Around 3,000 new rooms to enter Manila’s hotel market in H2 2025
This could temporarily apply pressure on occupancy rates.
According to a JLL report, Manila’s hotel inventory held steady in Q2 2025, but approximately 3,000 new rooms are anticipated to be completed in the second half of 2025, significantly expanding the Metro’s accommodation capacity.
“International hospitality brands continued to show strong interest in the Metro Manila market, with multiple completions scheduled for the second half of 2025, reflecting sustained confidence in the Philippine tourism sector’s growth potential,” the report added.
Here’s more from JLL:
The Metro Manila hotel market demonstrates strong momentum with RevPAR showing solid y-o-y growth. This performance indicates robust demand and growing traveller confidence in the Metro’s hospitality offerings.
Hotel occupancy reached 78.3% in Q2 2025, a 143.4 bps y-o-y growth. Luxury and Upscale segments maintained their strong performance. Average room rates increased by 0.1% y-o-y, from PHP 7,916 in Q2 2024 to PHP 7,917 in Q2 2025.

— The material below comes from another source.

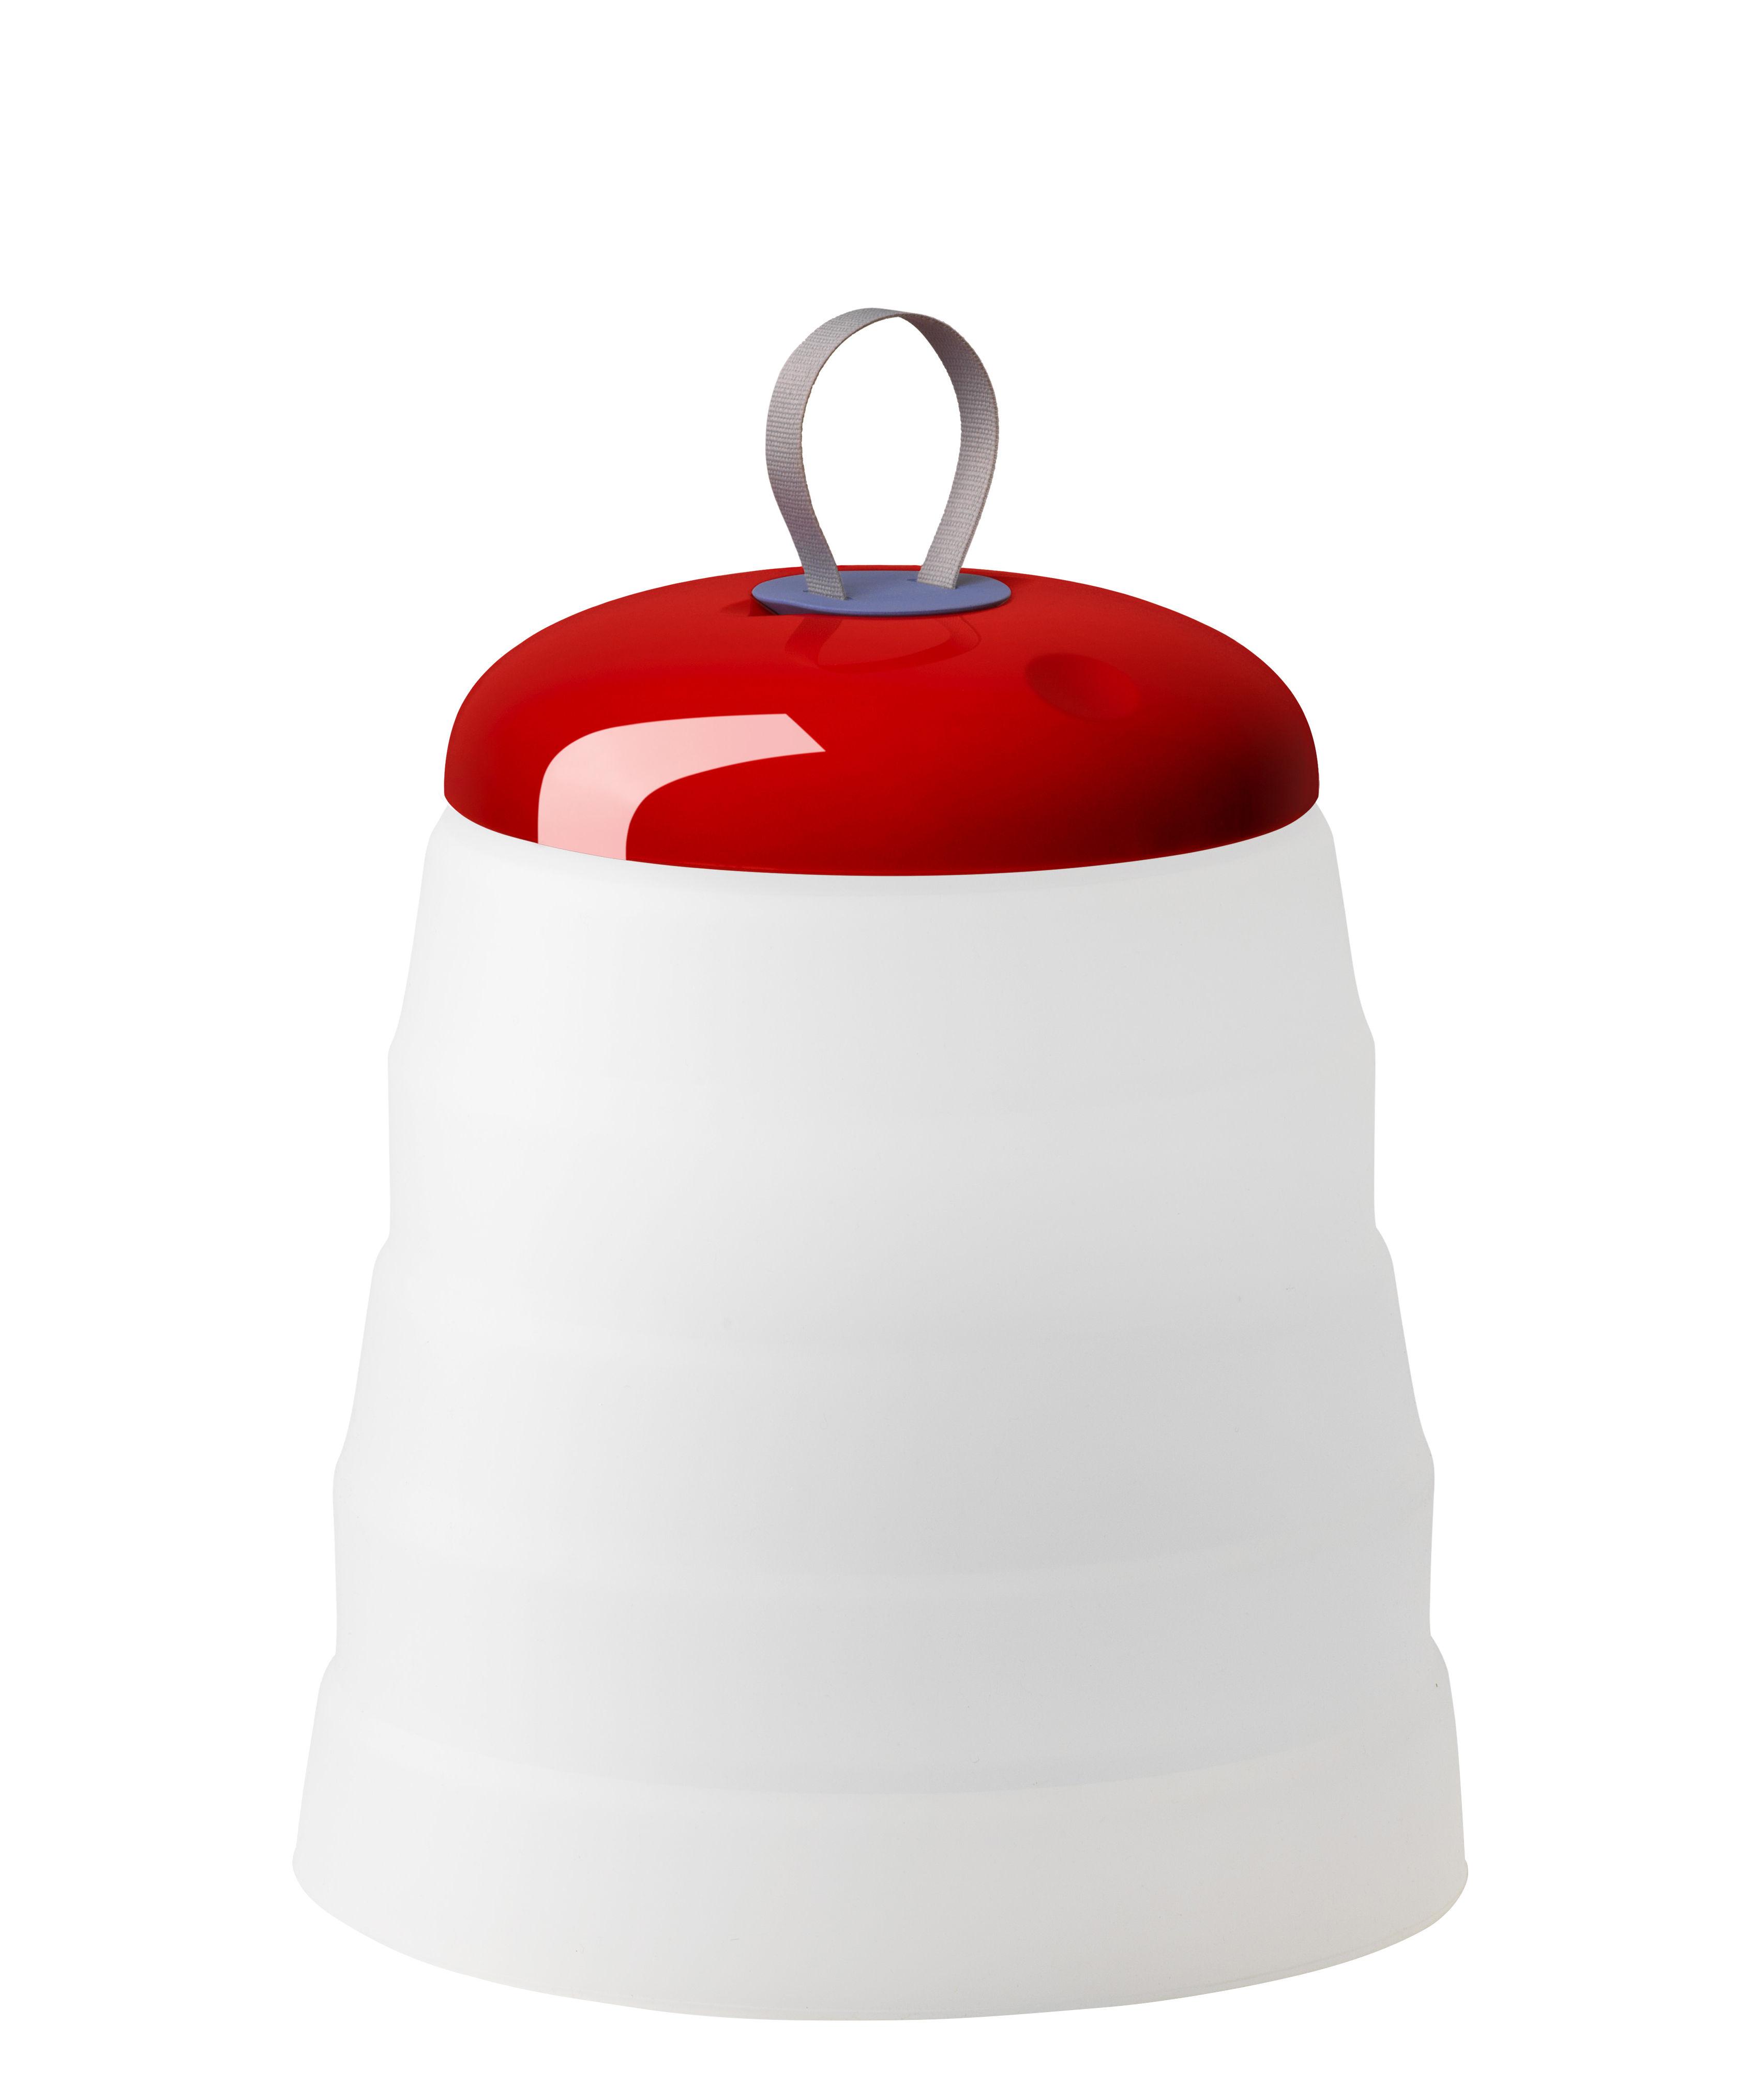 Luminaire - Lampes de table - Lampe sans fil Cri Cri LED Outdoor / H 31 cm - Recharge USB - Foscarini - Rouge - ABS, PMMA, Silicone

Outlook: Tourism initiatives and hotel expansion to support market growth
The hospitality sector is expected to grow as the holiday season approaches, and the VAT refund programme gains traction. These factors, combined with targeted tourism marketing efforts, are seen to boost visitor arrivals toward the 7.7 million annual target despite the current period’s moderation.
The introduction of approximately 3,000 new rooms in H2 2025 may temporarily apply pressure on occupancy rates, but steady tourism fundamentals and growing international interest in the Philippines as a destination are seen to support hotel demand.